• **Exercise objective**
Word for word, the data below must be repeated in full; no picture is to be included.
(Material provided)
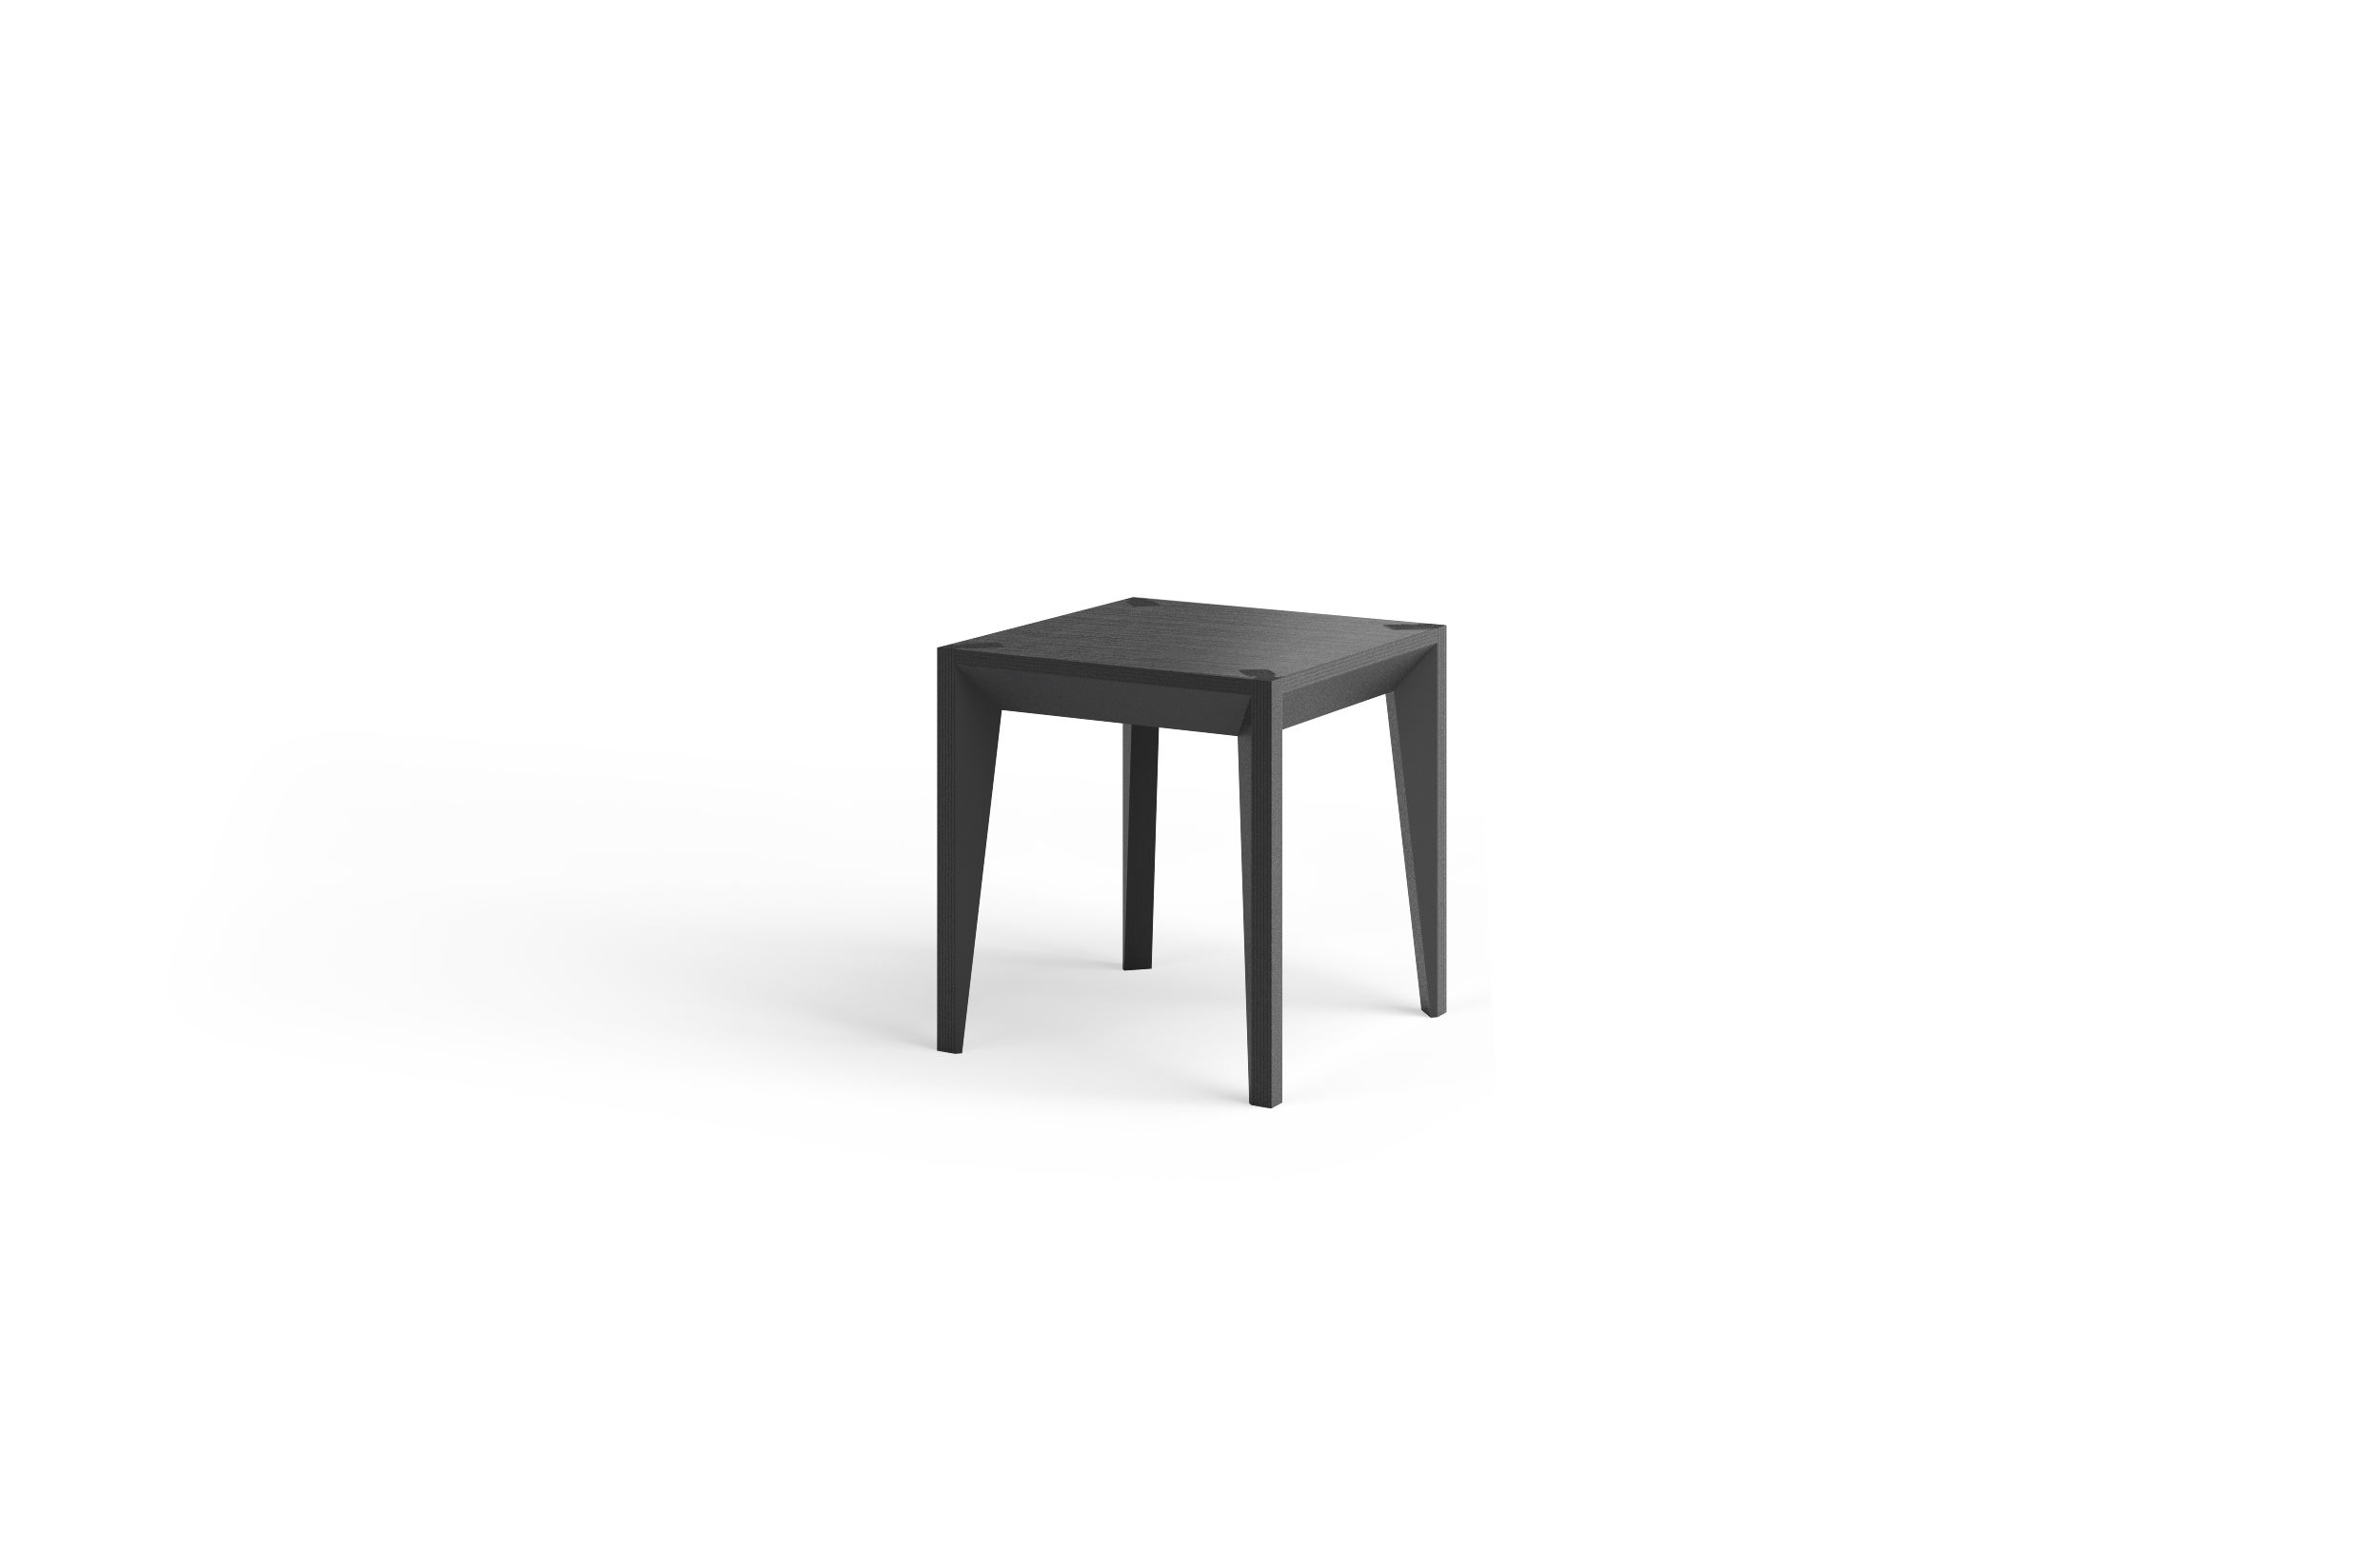 Dieser minimalistische, vielseitige Beistelltisch oder Hocker gehört zur MiMi-Serie und setzt Akzente in Haus und Büro. Die klare, facettierte Geometrie verleiht ihm Tiefe und Raffinesse, während die quadratische, 17 Zoll breite, flache Tischplatte
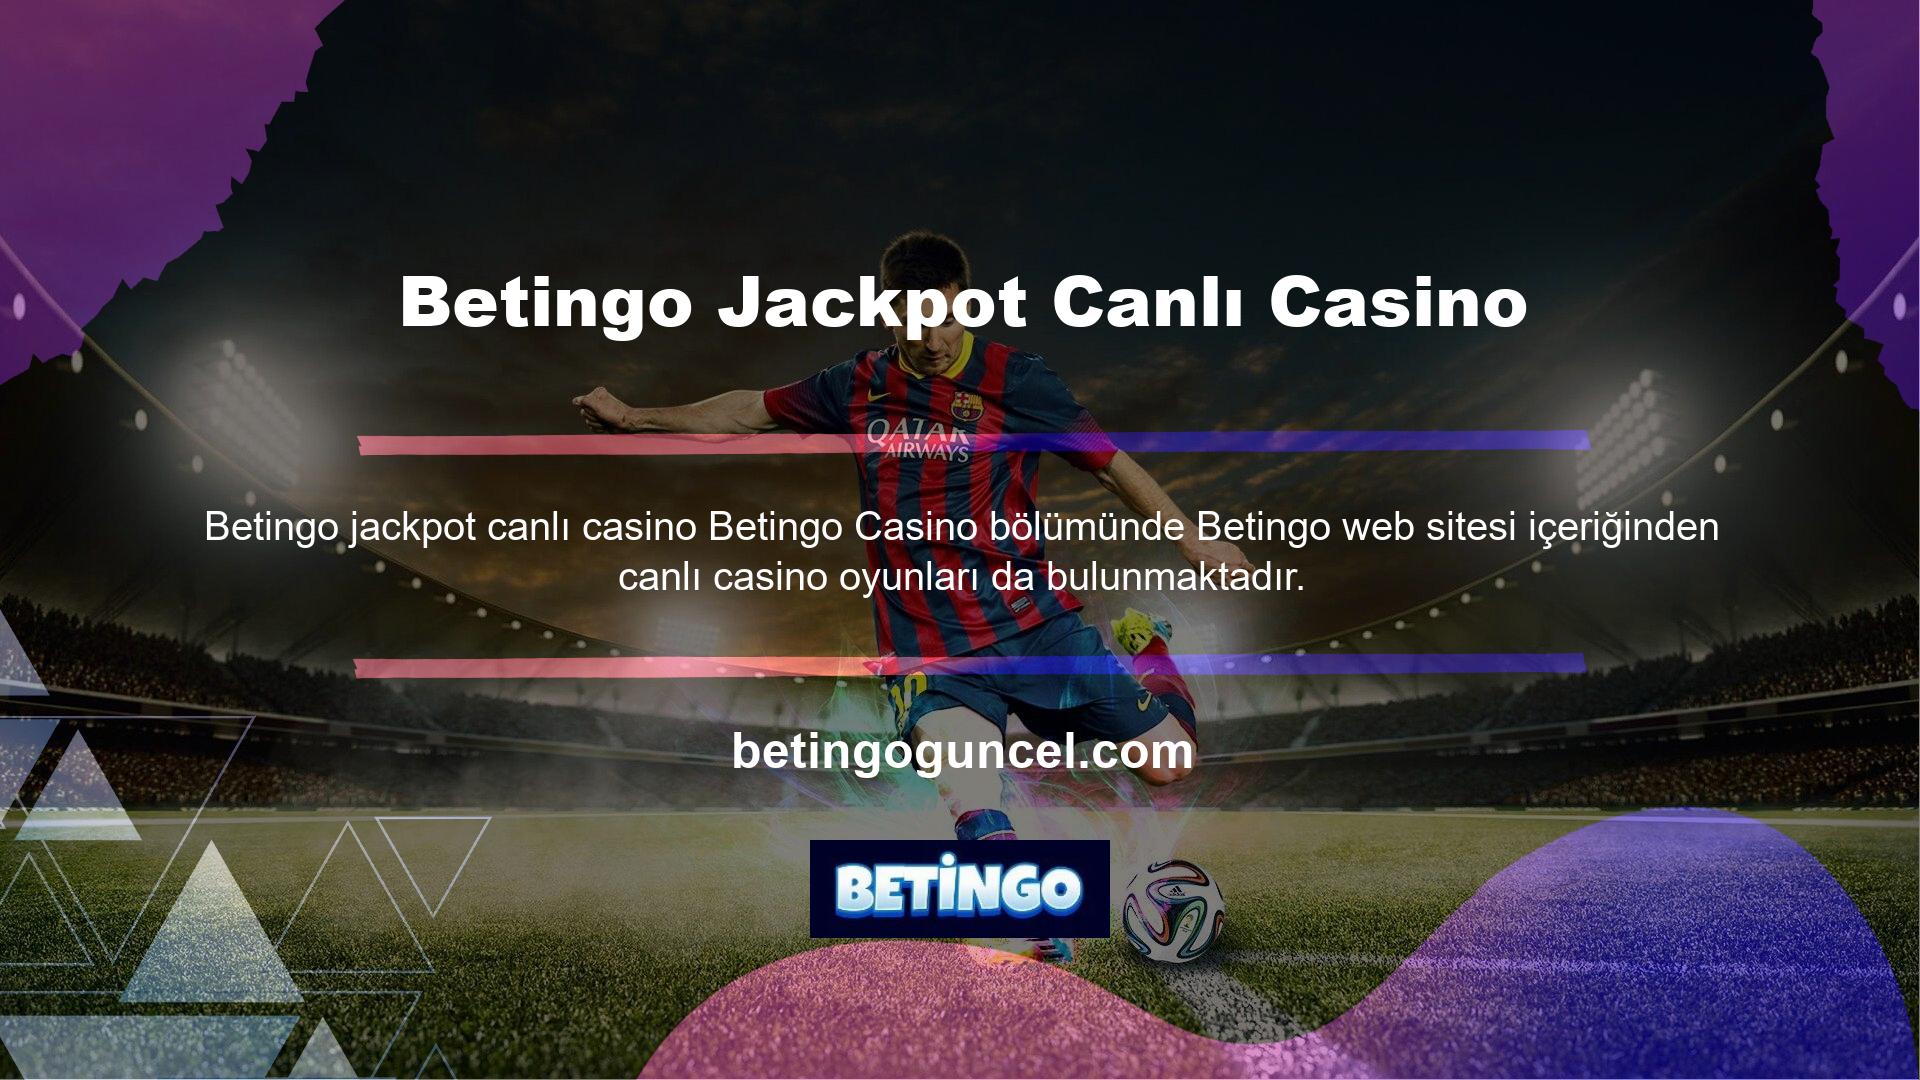 Üst menüde yer alan “Canlı Casino” seçeneğine tıklayarak canlı casino oyunlarına ulaşabilirsiniz
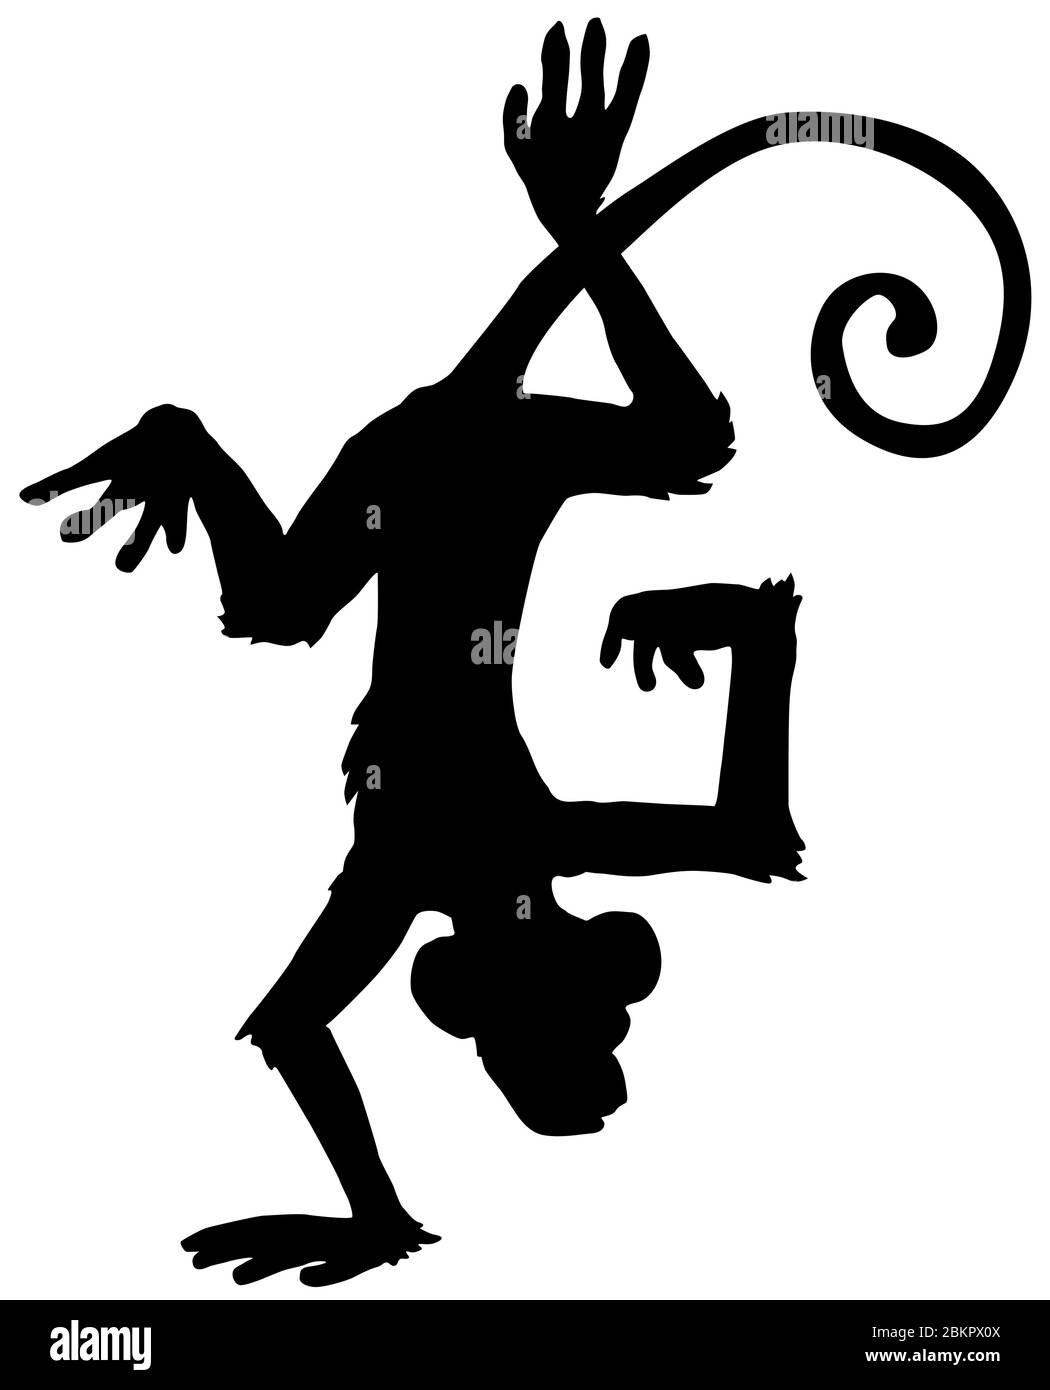 Pied de main de singe à l'envers acrobatique, personnage de dessin animé silhouette noire, illustration vectorielle, vertical, isolé, sur blanc Illustration de Vecteur
(End Material provided)
• **Solution for this task**
 Dieser minimalistische, vielseitige Beistelltisch oder Hocker gehört zur MiMi-Serie und setzt Akzente in Haus und Büro. Die klare, facettierte Geometrie verleiht ihm Tiefe und Raffinesse, während die quadratische, 17 Zoll breite, flache Tischplatte
 Üst menüde yer alan “Canlı Casino” seçeneğine tıklayarak canlı casino oyunlarına ulaşabilirsiniz
 Pied de main de singe à l'envers acrobatique, personnage de dessin animé silhouette noire, illustration vectorielle, vertical, isolé, sur blanc Illustration de Vecteur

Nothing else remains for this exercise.